» **What is expected**
Copy nothing but the lines below, from the one with "Tarcza icon" through the one with "Joachim Froese: Achive", exactly as written; no pictures should appear.

» **Data provided**
◇ ◇ ◇ ◇ ◇ ◇ ◇

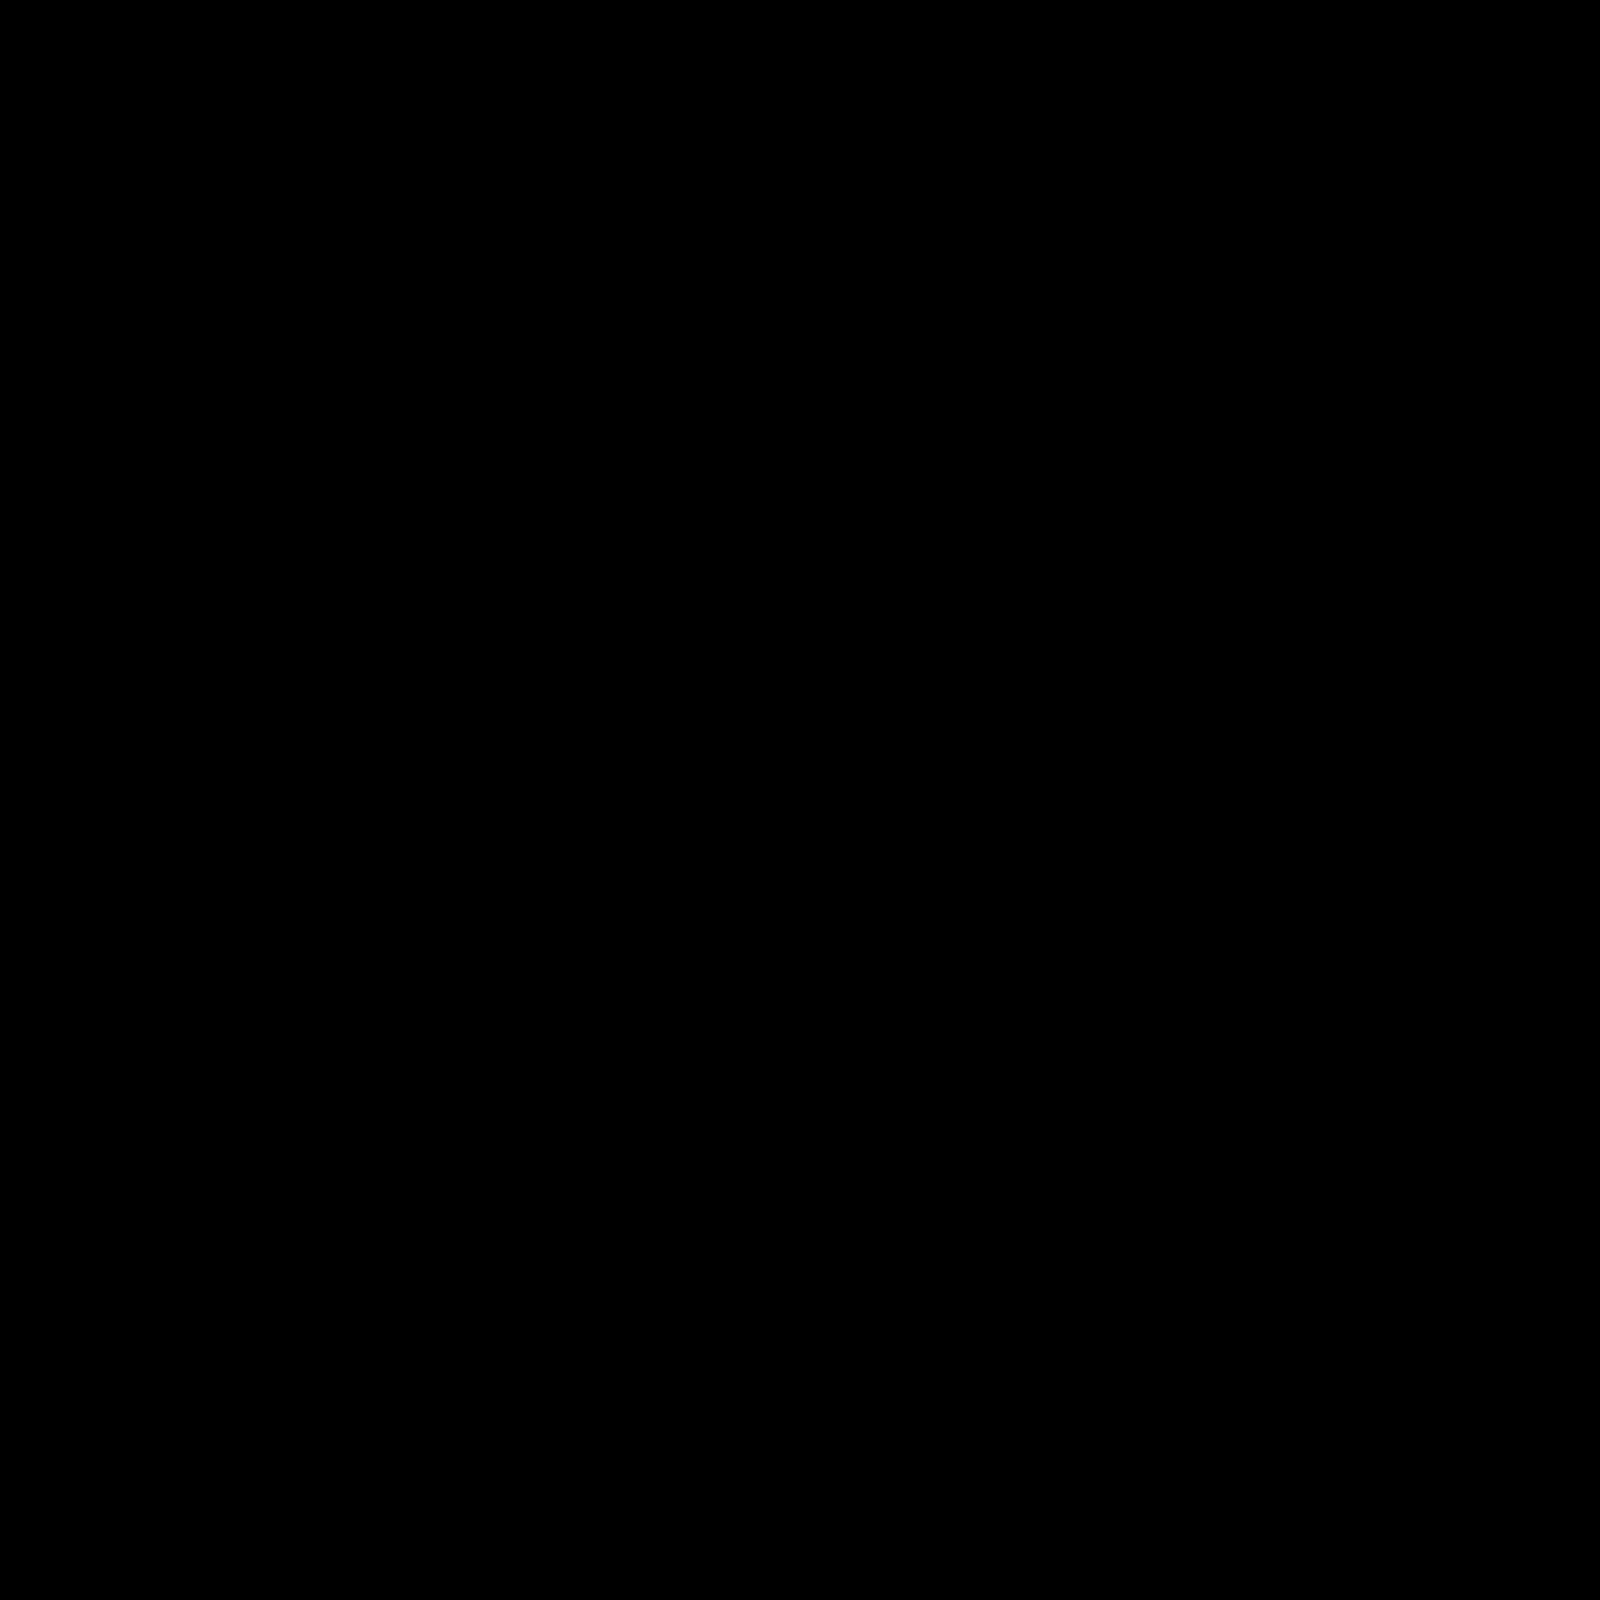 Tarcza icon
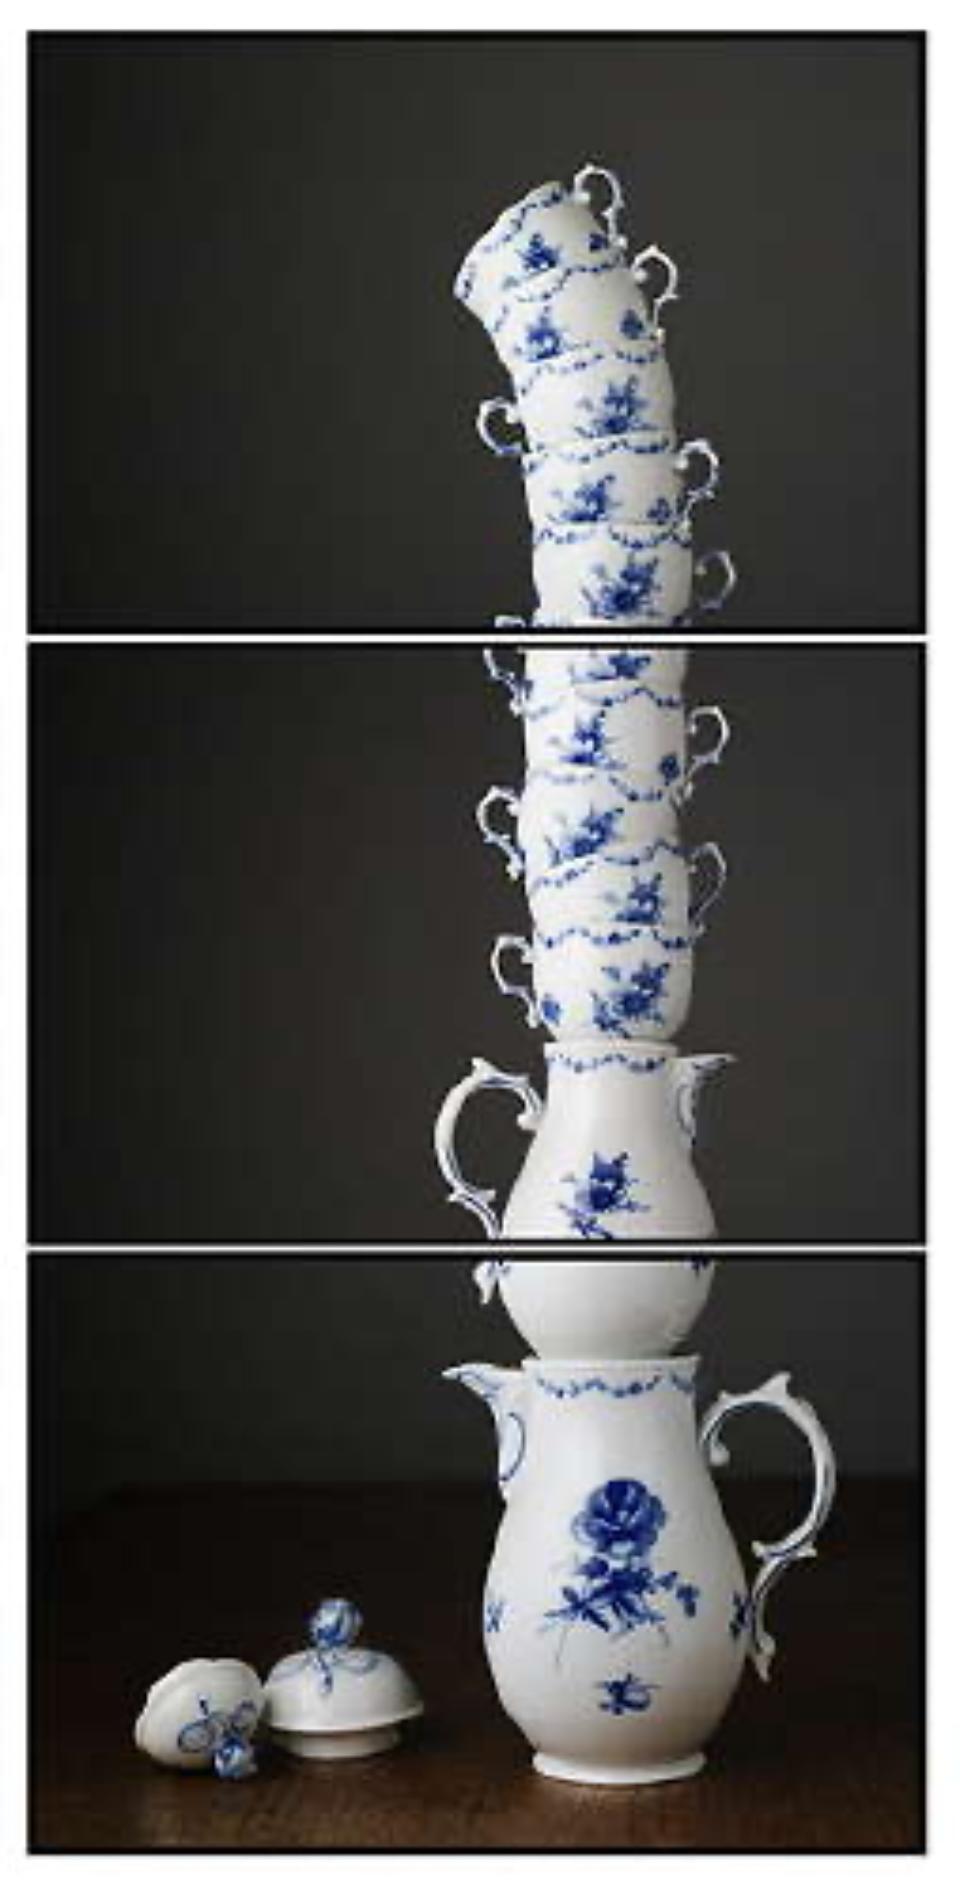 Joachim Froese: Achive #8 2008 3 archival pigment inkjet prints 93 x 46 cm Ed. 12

◇ ◇ ◇ ◇ ◇ ◇ ◇

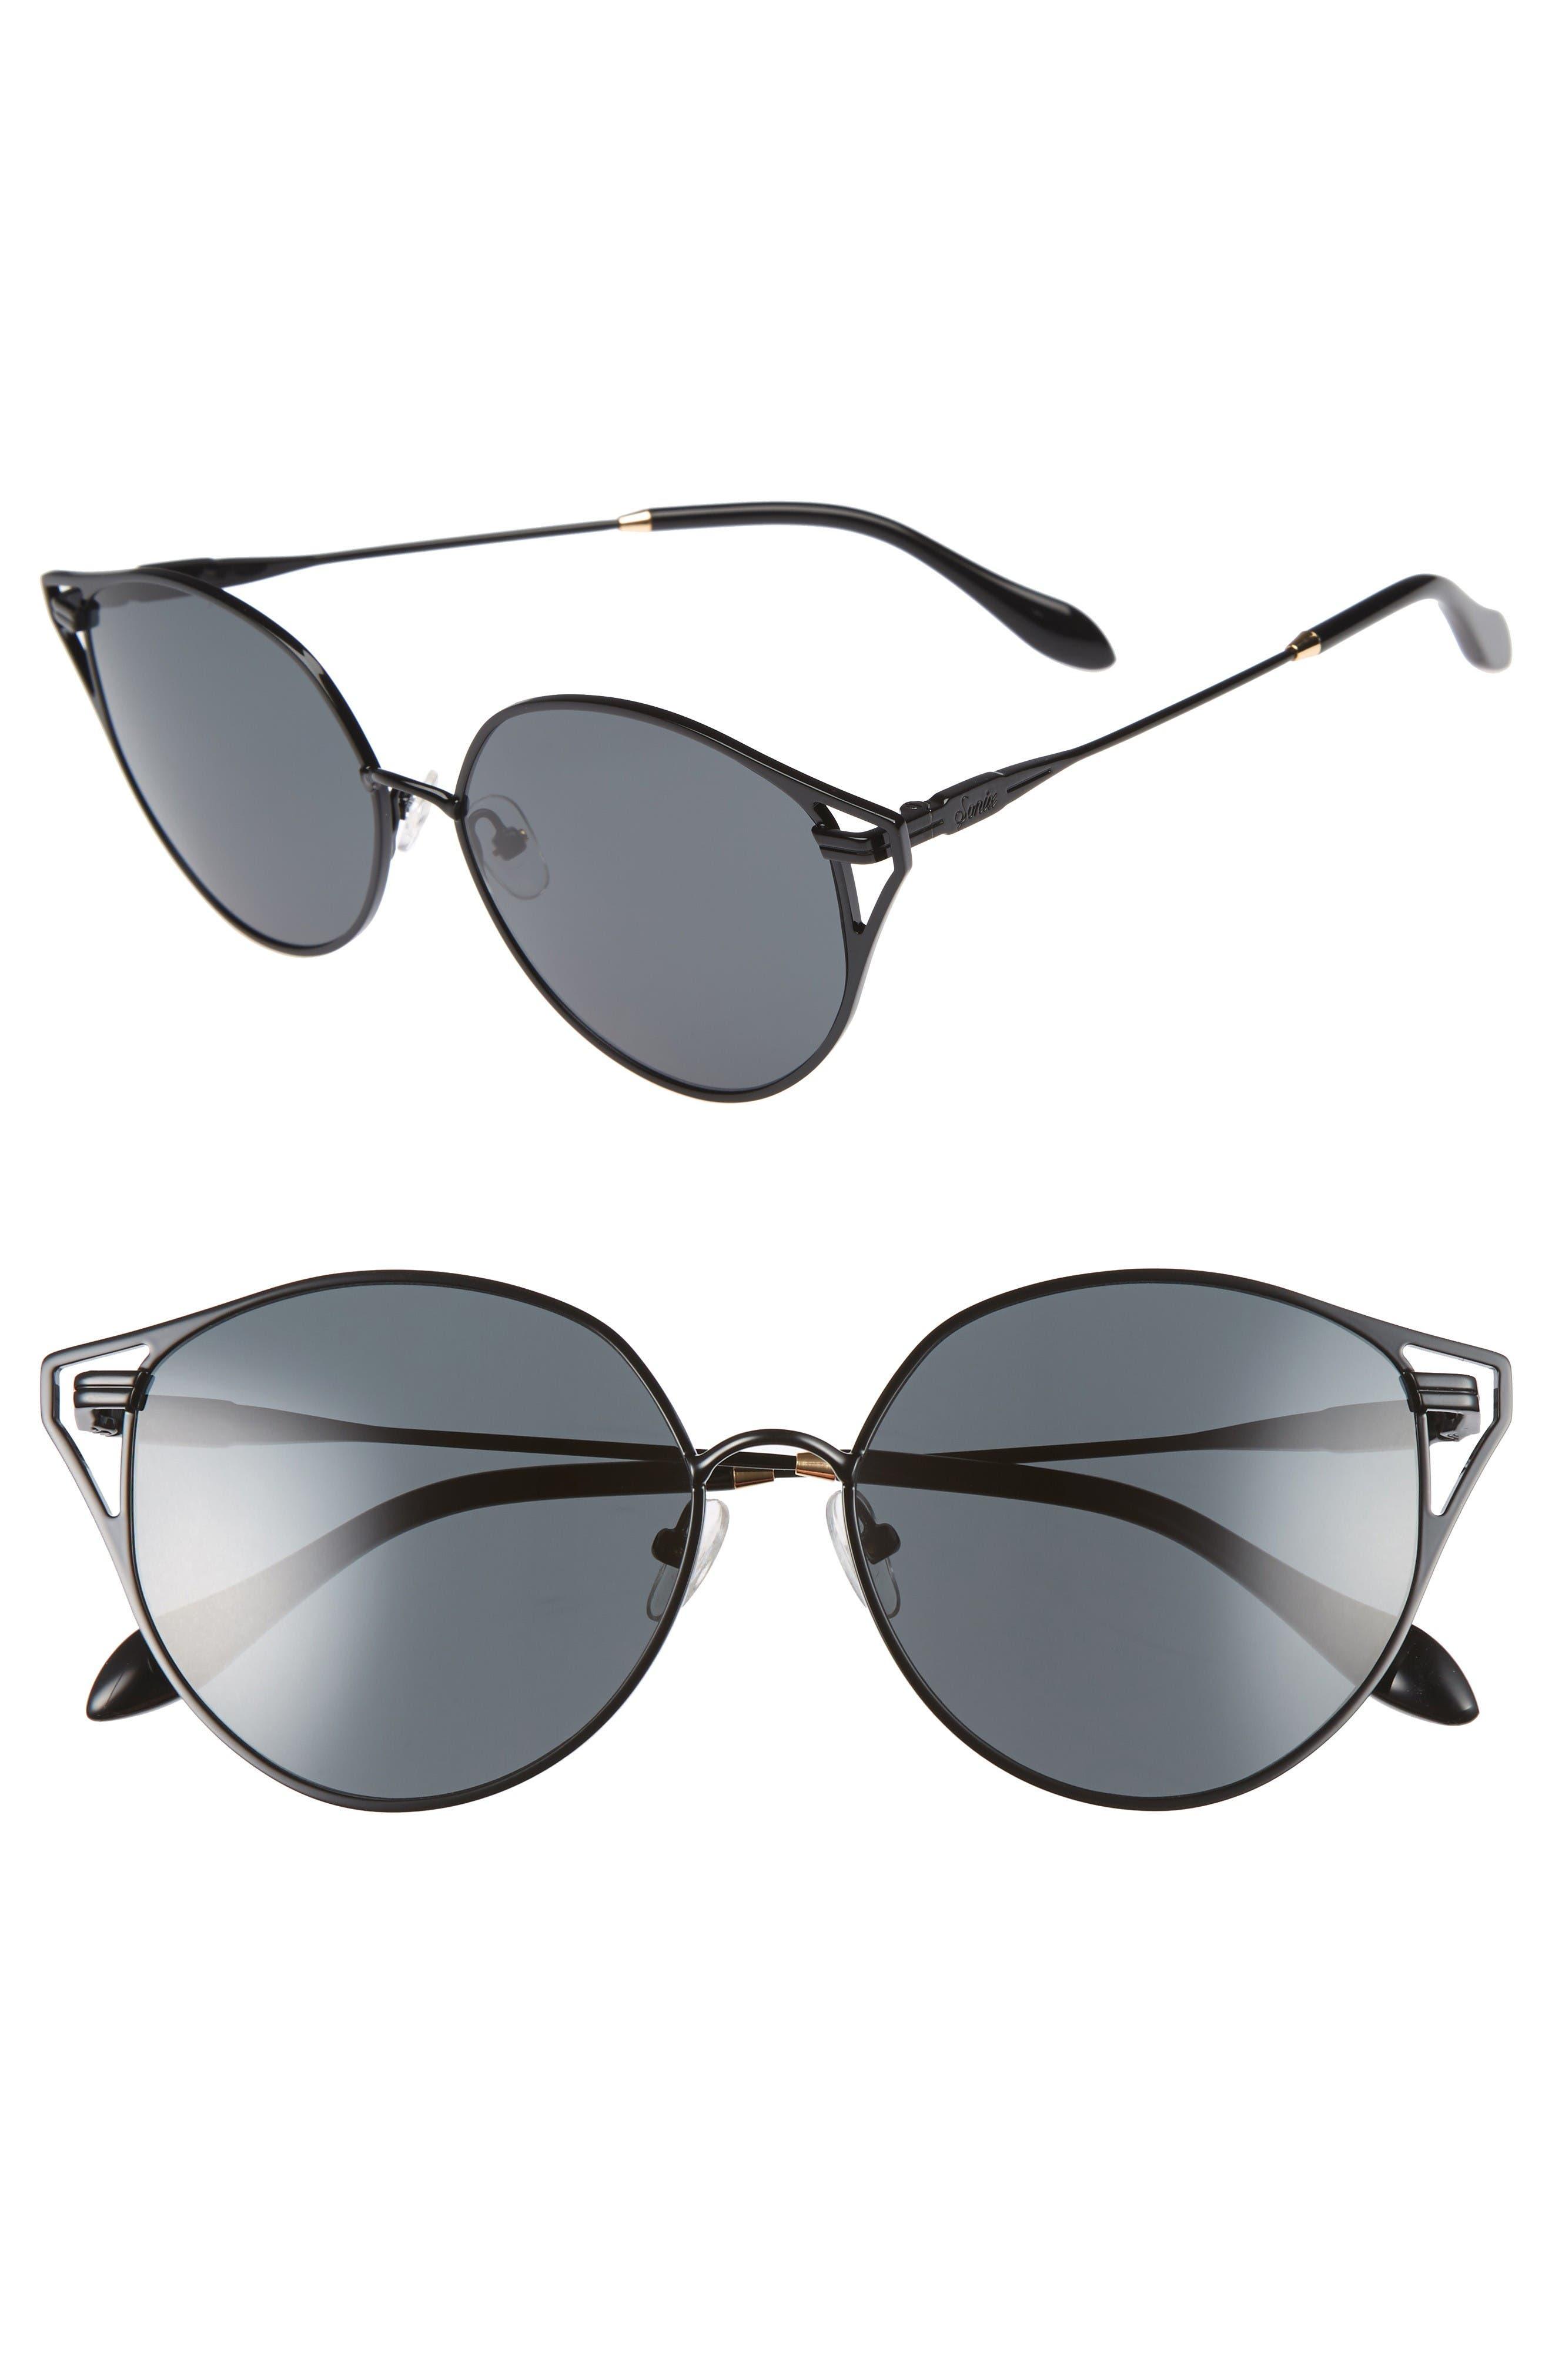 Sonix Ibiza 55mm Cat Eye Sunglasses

◇ ◇ ◇ ◇ ◇ ◇ ◇

» **Exercise answer**
 Tarcza icon
 Joachim Froese: Achive #8 2008 3 archival pigment inkjet prints 93 x 46 cm Ed. 12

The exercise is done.